_TASK DETAILS_
Below are entries with pictures in them. Output exactly the lines starting at the line with "Dumpling Maker: Double" and ending at the line with "Oniki Design Studio (ODS) Website", both included, but not the pictures.

_DATASET EXCERPTS_
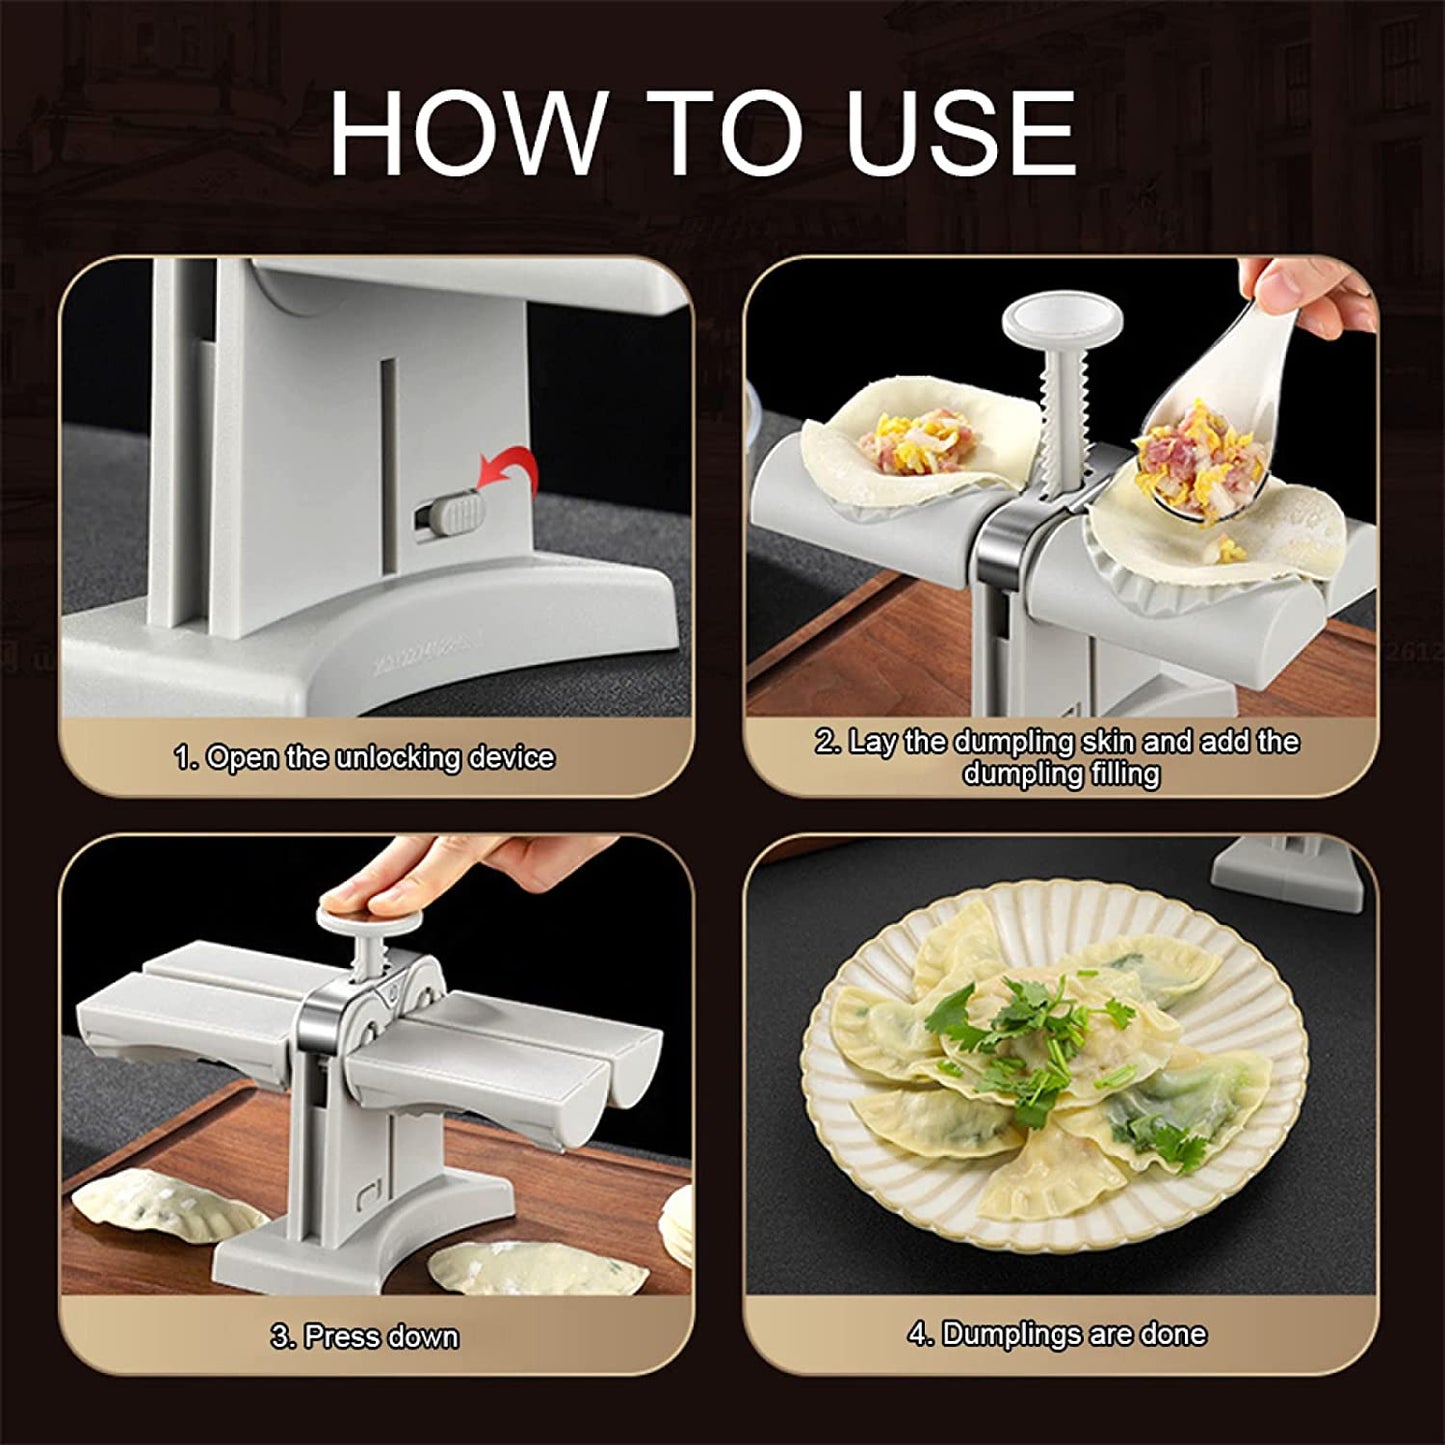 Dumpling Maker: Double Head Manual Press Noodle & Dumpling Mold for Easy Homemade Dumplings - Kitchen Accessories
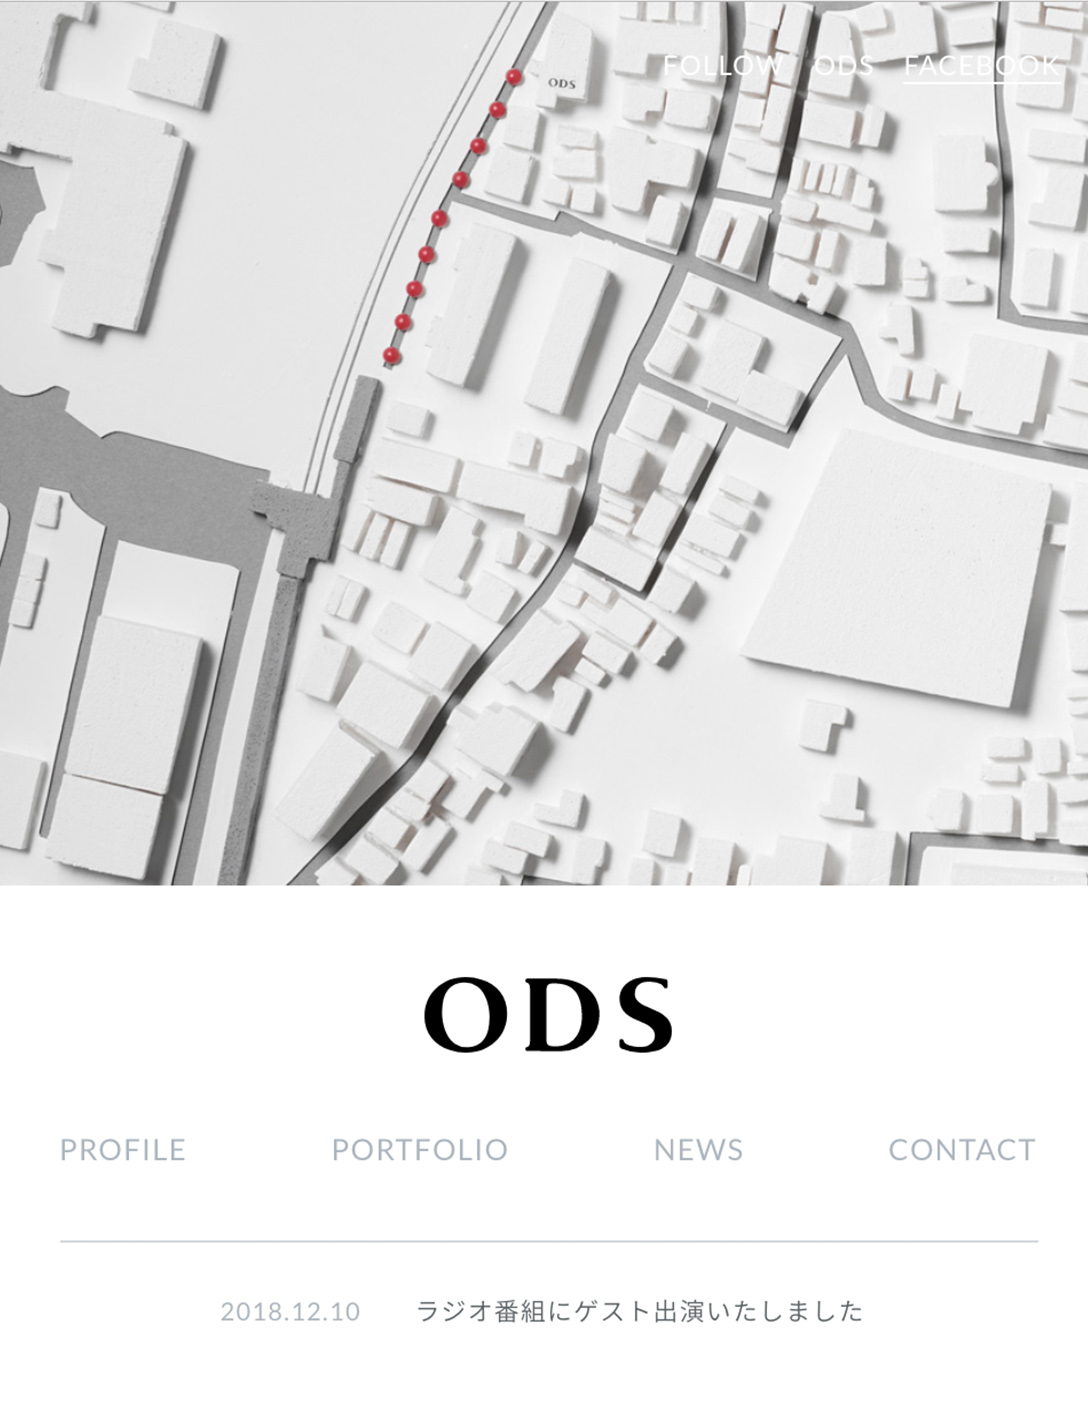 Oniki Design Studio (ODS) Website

==

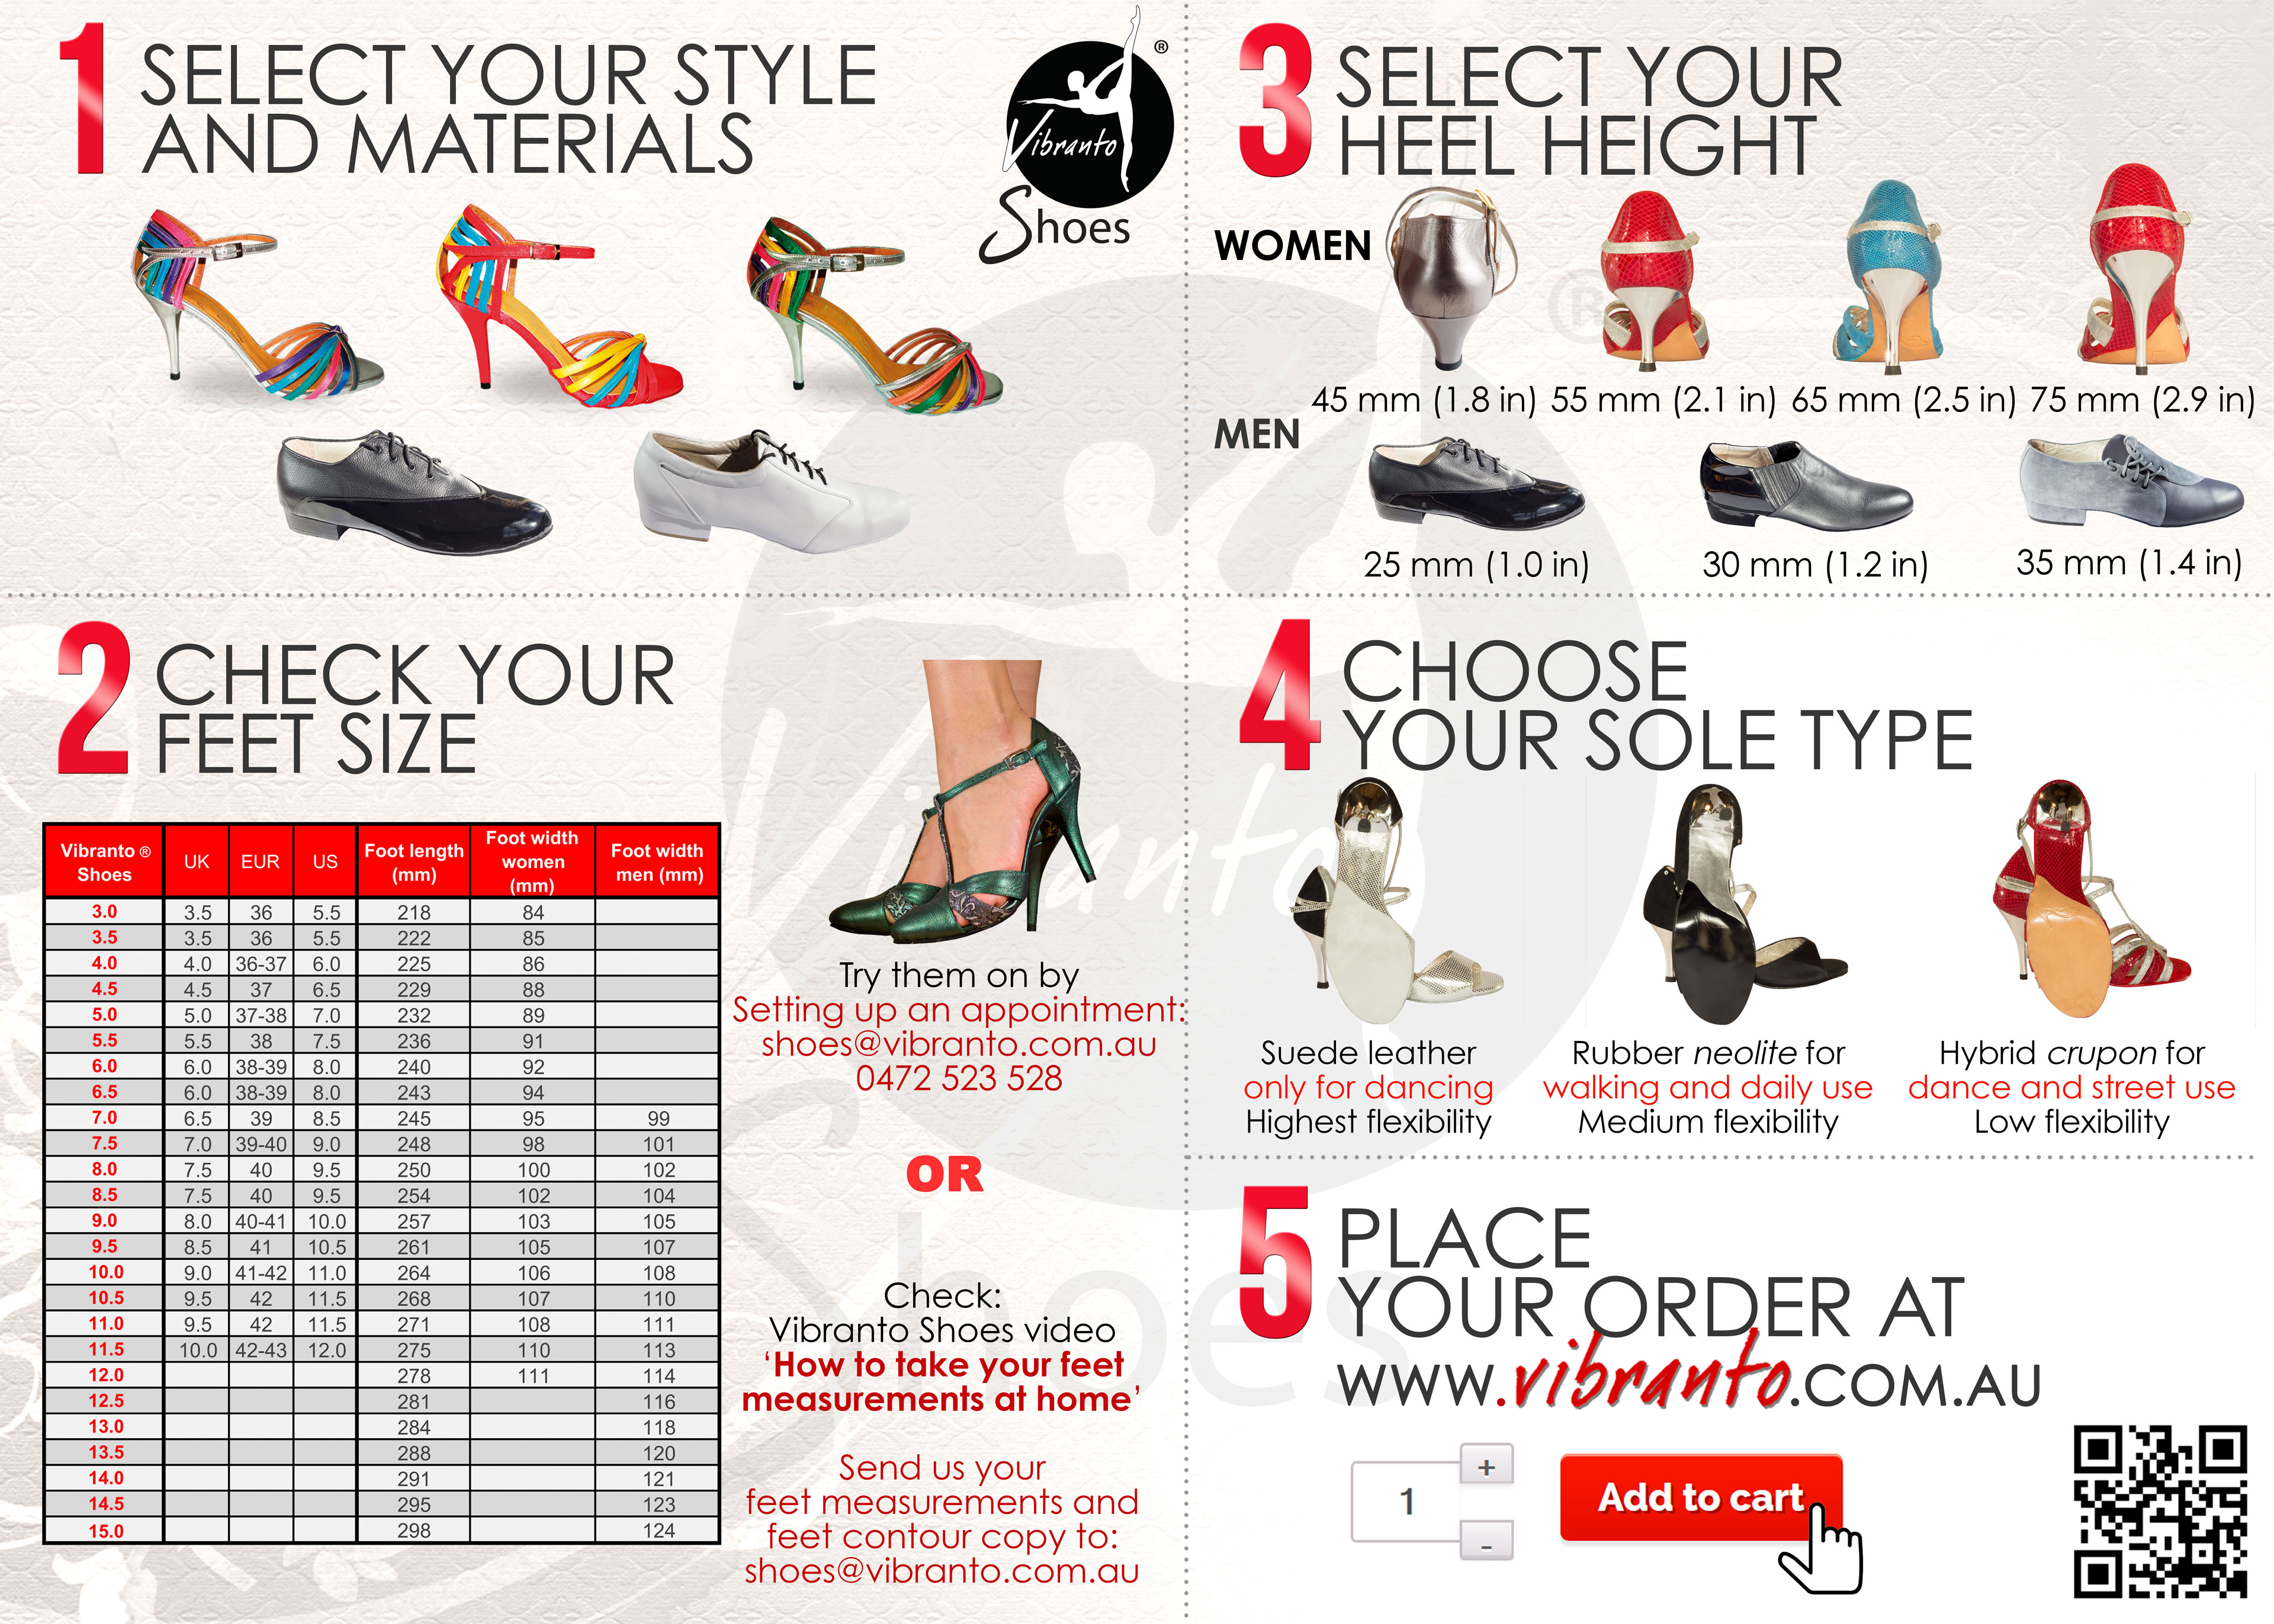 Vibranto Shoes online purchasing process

...

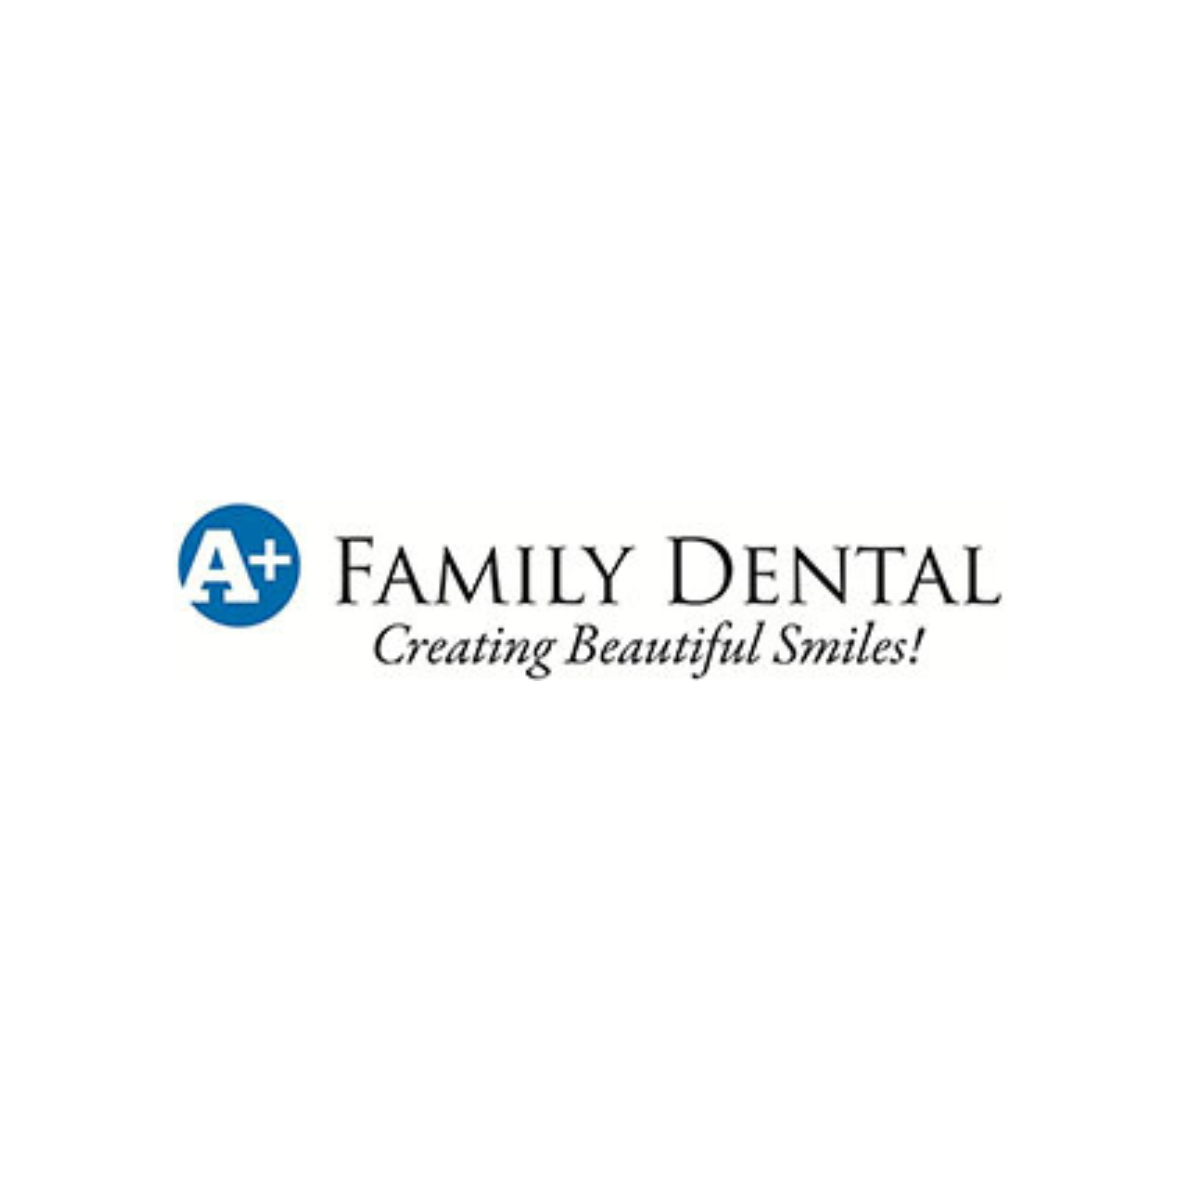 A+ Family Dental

_TASK OUTPUT_
 Dumpling Maker: Double Head Manual Press Noodle & Dumpling Mold for Easy Homemade Dumplings - Kitchen Accessories
 Oniki Design Studio (ODS) Website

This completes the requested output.